This breaks the nasty guessing problem into two simpler problems:

1. Find the general form of the homogeneous response—also known as the natural response.
2. Find any particular response—we go for a particular response that’s easy to guess (because it looks just like the forcing function).

Then add them together and apply the initial conditions to get the answer.

This is a pretty bold theorem to state without proof, so here’s the proof.

## Linear operator notation

A linear differential equation can be written using this compact notation,

$\bold{D}(f) = g$

$\bold{D}$ is a linear operator. It accepts a function $f$ and inserts it into an expression built from a function its derivatives. Function $g$ is some other arbitrary forcing function.

If $\bold{D}$ represents a first-order linear differential equation then,

$\bold{D}(f) \quad$ means $\quad\dfrac{df}{dt} + kf$

Example: The $\text{RC}$ step response differential equation is $\dfrac{dv}{dt} + \dfrac{v}{\text{RC}} = \dfrac{\text V_\text S}{\text{RC}}$

$\bold D(v)\quad$ means $\quad\dfrac{dv}{dt} + \dfrac{v}{\text{RC}}$

In the step response, $g$ is the forcing function, $\dfrac{\text V_\text S}{\text{RC}}$

If $\bold{D}(f) = g$ is true that means function $f$ satisfies the non-homogeneous equation. That means function $f$ is a particular solution.

## Theorem

This proof is done with a 1st derivative but it works for 2nd order derivatives and higher.

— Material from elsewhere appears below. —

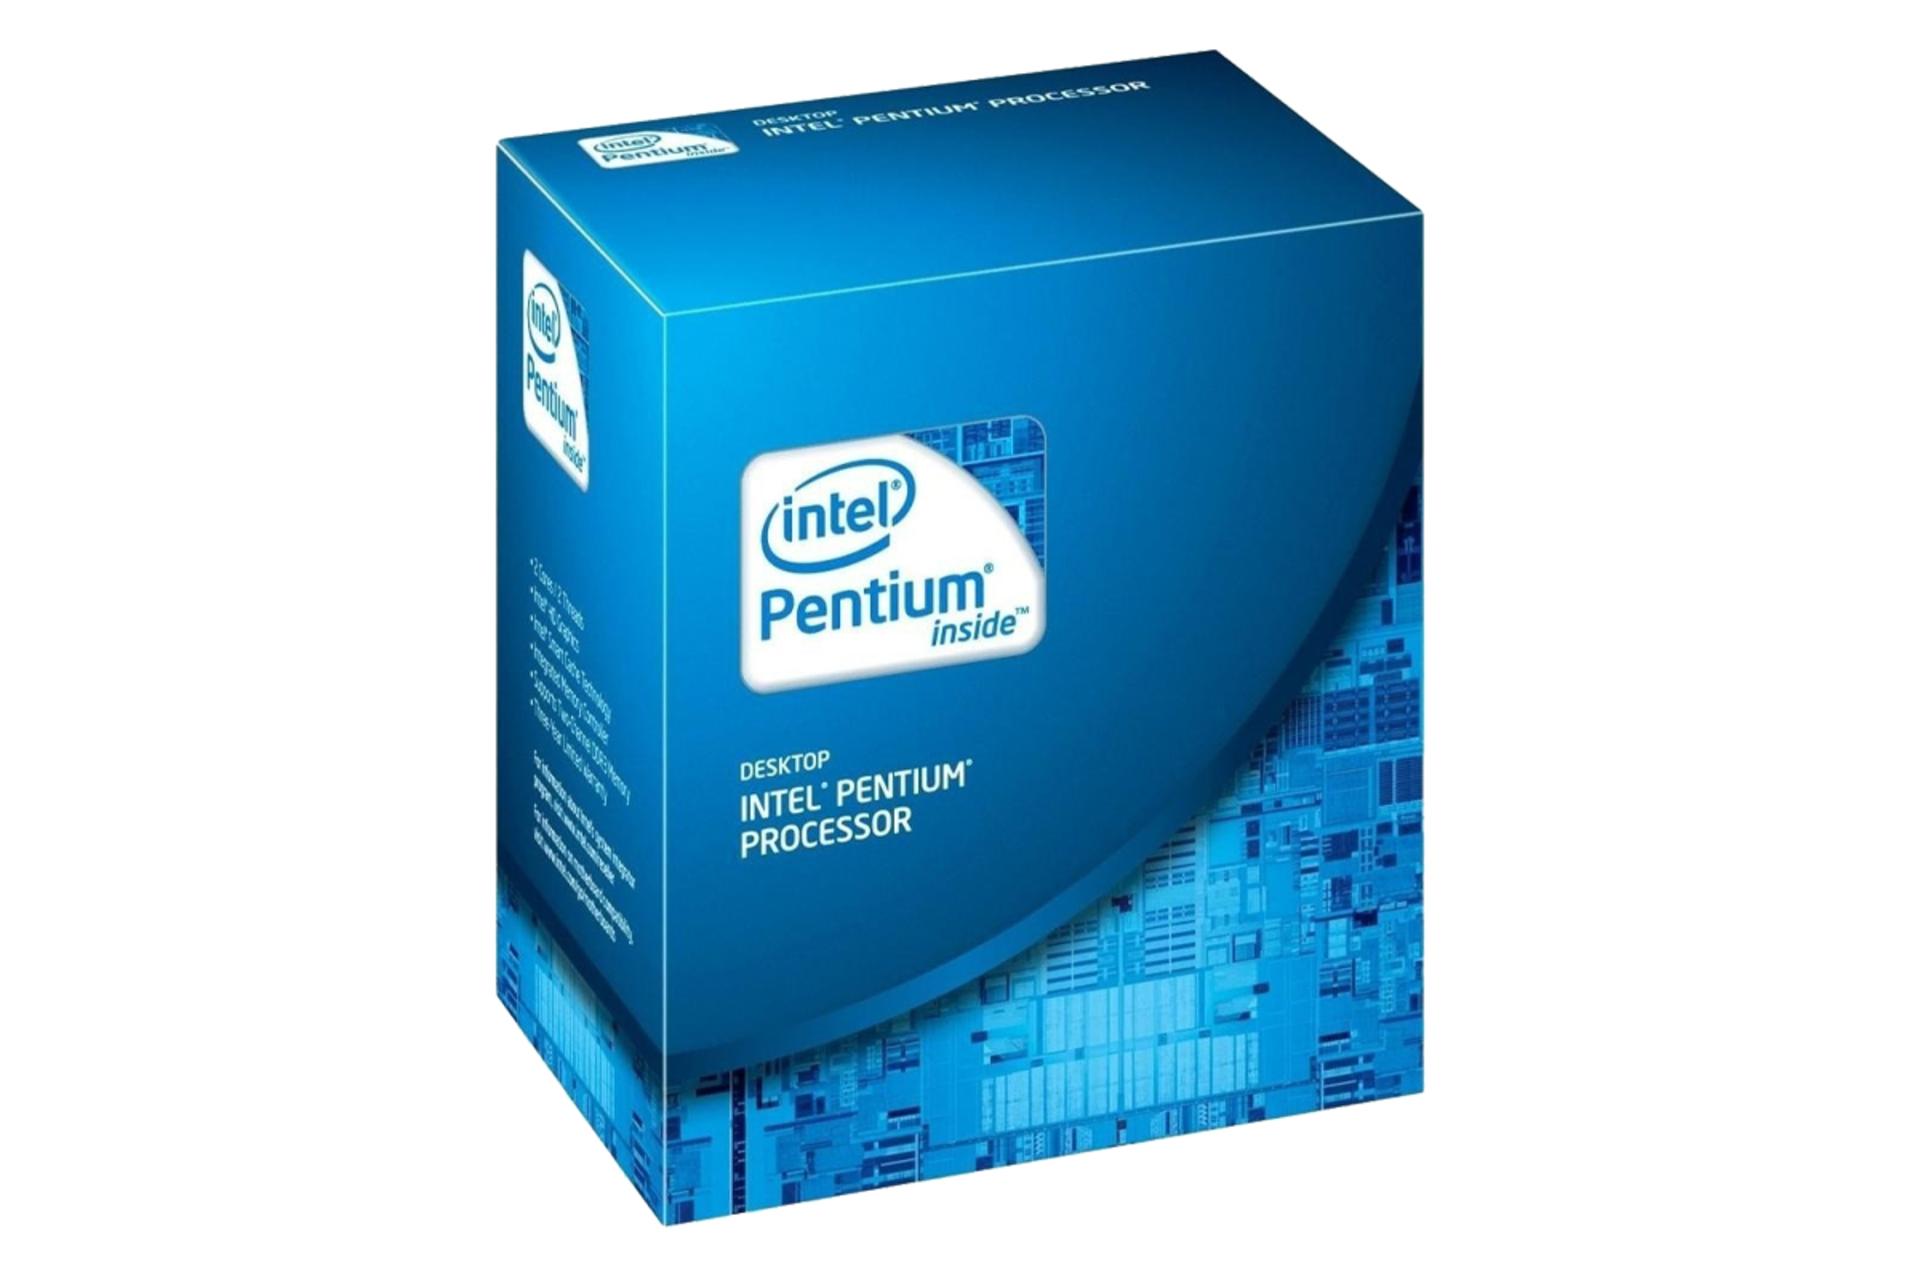  اینتل پنتیوم E2180 / Intel Pentium E2180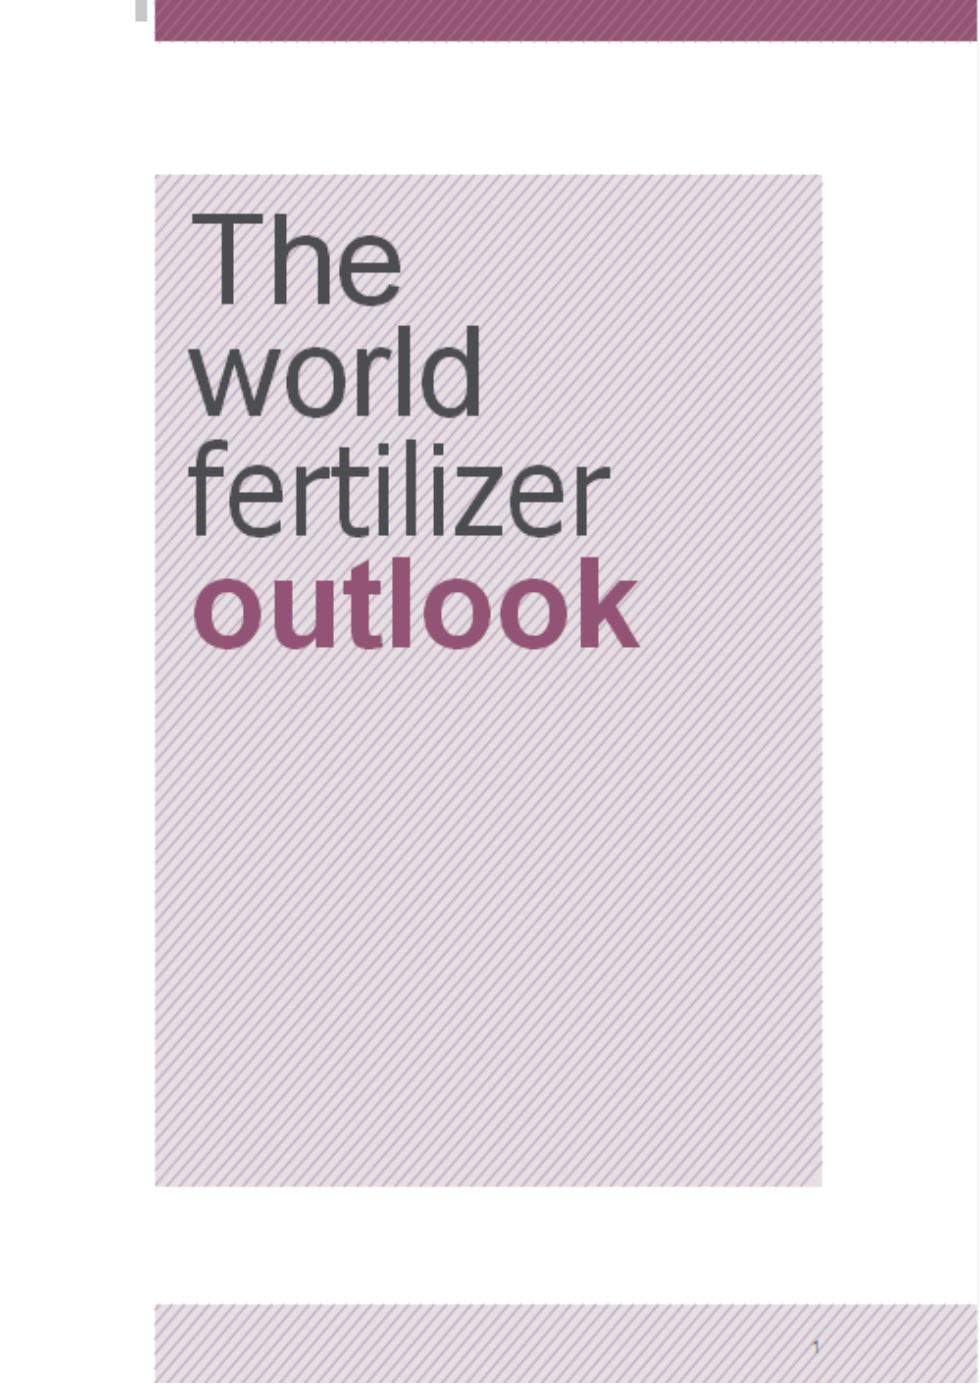 全球肥料发展趋势及2022年展望

Suppose we happen to know two different particular solutions, $f_1$ and $f_2$. What happens if we subtract one from the other and make that the input to $\bold{D}$?

$\bold{D}(f_1 - f_2)\quad$ means the same thing as $\quad \dfrac{d}{dt}(f_1 - f_2) + k(f_1 - f_2) = g$

The derivative term can be broken into two separate terms.
(The derivative of a difference is the difference of the derivatives),

$\dfrac{d}{dt}(f_1 - f_2) = \dfrac{d}{dt}f_1 - \dfrac{d}{dt}f_2$

Write out $\bold{D}(f_1 - f_2)$ and organize terms by their subscript,

$\bold{D}(f_1 - f_2) = \dfrac{d}{dt}(f_1 - f_2) + k(f_1 - f_2)$

$\bold{D}(f_1 - f_2) = \dfrac{d}{dt}f_1 - \dfrac{d}{dt}f_2 + kf_1 - kf_2$

$\bold{D}(f_1 - f_2) = \left (\dfrac{d}{dt}f_1 + kf_1\right ) - \left (\dfrac{d}{dt}f_2 + kf_2 \right )$

Hey look! The two expressions in parentheses are $\bold D(f_1)$ and $\bold D(f_2)$,

$\bold{D}(f_1 - f_2) = \bold{D}(f_1) - \bold{D}(f_2)$

We said at the beginning that both $f_1$ and $f_2$ are particular solutions to the non-homogeneous equation, which means $\bold{D}(f_1)$ is equal to $g$, and so is $\bold{D}(f_2)$,

$\bold D (f_1 - f_2) = g - g$

$\bold D (f_1 - f_2) = 0$

Do you recognize what kind of differential equation is this? It is homogeneous. By definition, if we name the homogeneous solution $h$ then,

$\bold D(h) = 0$

That means $f_1 - f_2$ is a homogeneous solution,

$f_1 - f_2 = h$

This reveals something unexpected,

Theorem: The difference between two particular solutions to a non-homogeneous equation is a solution to the corresponding homogeneous equation.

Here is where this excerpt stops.